I've come across several reference that purport the following special rational approximations to the $e^x$ function
Case 1:
In one reference they use the following (Pade) approximation
$$
e^r = 1 + 2r\frac{ P(r^2)}{ Q(r^2) -r P(r^2) },
$$
with $P$ and $Q$ being polynomials.
Case 2: In another source they use the following approximation
$$
R(r^2) = r\frac{e^r+1}{e^r-1} = 2+ r^2/6 – r^4/360 + \cdots
$$
A Remez algorithm is used to generate a polynomial to approximate $R$:
$$
R(z)\approx 2.0 + P_1 z + P_2 z^2 + P_3 z^3 + P_4 z^4 + P_5 z^5
$$
Therefore we can write
$$
e^r = 1 + \frac{2r}{R(r^2) – r}
$$
From the notes a Remez algorithm is used to find the coefficients for $R$; I presume the same is the case for $P$ and $Q$ for the first approximation (it's not clear how to obtain them in the first case).
In any case, approximation two is supposedly more accurate.
Question: How have these rational approximations been derived? Case 1 can be generalized to $10^x$, $2^x$ etc (with different coefficients for $Q$ and $P$). For case 2 this doesn't seem to be the case, i.e. is there a similar rational approximation to $2^x$ and $10^x$ without relying on the fact $2^x = e^{\log_e 2 x}$. Aso, how would one go about finding the coefficients for $P$ and $Q$ in case 1.
Best Answer
There is nothing special about $e$ here. For any $a \ne 1$ you could use the Remez algorithm to find a polynomial $R(x)$ that approximates $$ \sqrt{x} \dfrac{a^\sqrt{x} + 1}{a^\sqrt{x} - 1}$$ on some interval $0 < x \le X$ (giving the best uniform approximation of this for polynomials of degree $\le d$).
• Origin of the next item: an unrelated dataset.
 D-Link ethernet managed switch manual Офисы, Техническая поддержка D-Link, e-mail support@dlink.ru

Then $a^x \approx 1 + 2x/(R(x^2)-x)$ for $-\sqrt{X} \le x \le \sqrt{X}$
For example, with $a=10$, $X = 5$ and $d = 9$ I get $$ \eqalign{R(x) &= 0.8685889669638705+ 0.3837640483652787\,x- 0.03391037227227374\,{x}^{ 2} \cr & + 0.004278250903723814\,{x}^{3} - 0.0005637985646020767\,{x}^{4}+ 0.00007298075602694236\,{x}^{5}\cr &- 0.000008631124974263940\,{x}^{6}+ 0.0000008256832839671144\,{x}^{7}\cr & - 0.00000005329698642479952\,{x}^{8} + 0.000000001658928529960004\,{x}^{9}} $$
EDIT: There must be a typo in your Case 1.
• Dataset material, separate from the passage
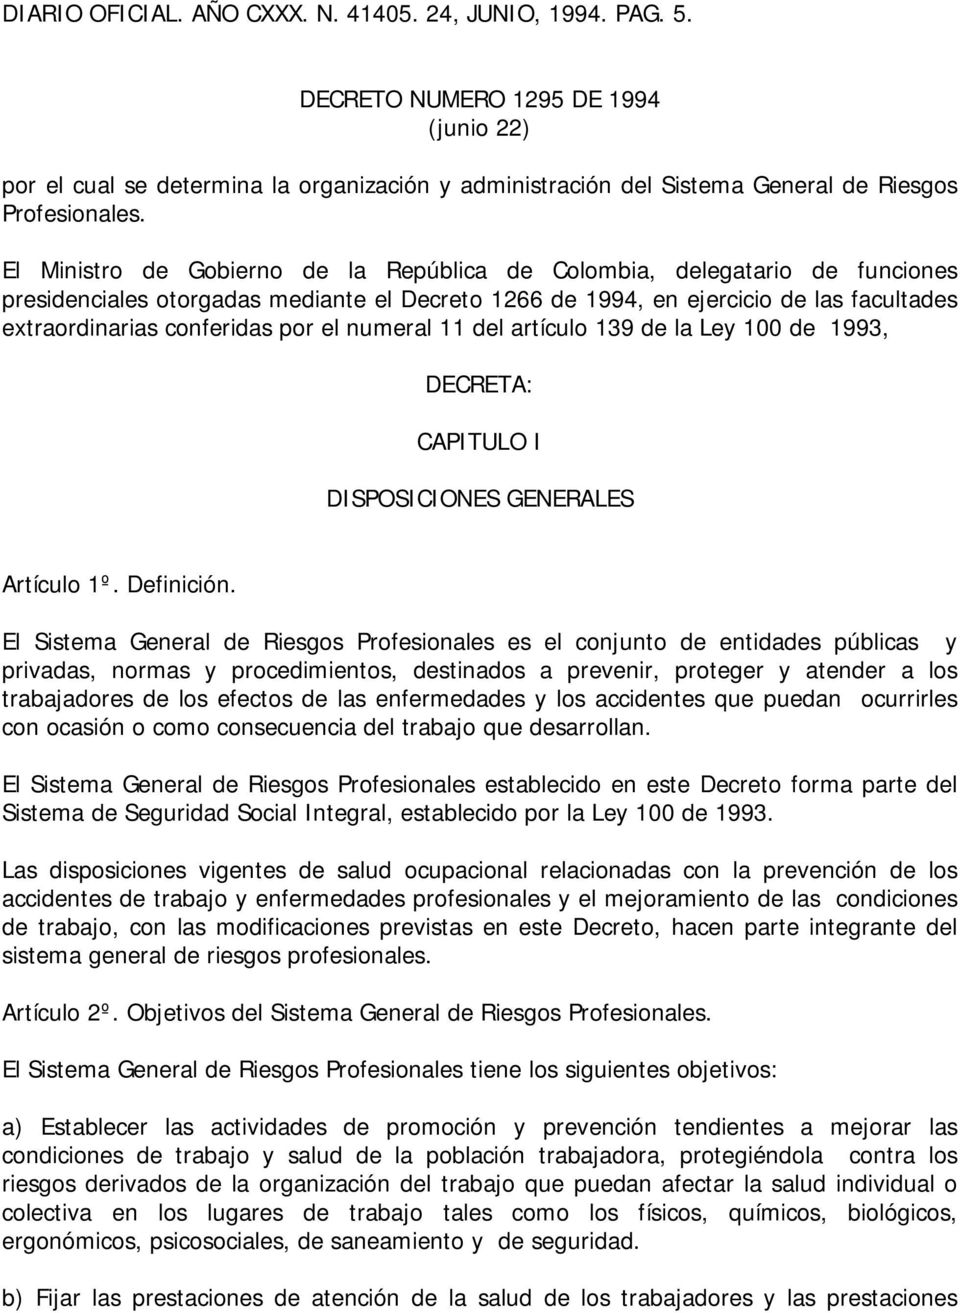 El Ministro de Gobierno de la República de Colombia, delegatario de funciones presidenciales otorgadas mediante el Decreto 1266 de 1994, en ejercicio de las facultades extraordinarias conferidas por

$$ e^r = 1 + 2 r \dfrac{P(r^2)}{Q(r^2) - P(r^2)}$$ would be equivalent to $$ \dfrac{P(r^2)}{Q(r^2)} = \dfrac{e^r-1}{e^r + 2 r - 1} $$ But this won't work: the right side is not an even function of $r$. I guess it must be instead
$$ e^r = 1 + 2 r \dfrac{P(r^2)}{Q(r^2) - r P(r^2)}$$ which becomes $$ \dfrac{P(r^2)}{Q(r^2)} = \dfrac{e^r-1}{r(e^r+1)} = \dfrac{\tanh(r/2)}{r} $$ as that is an even function.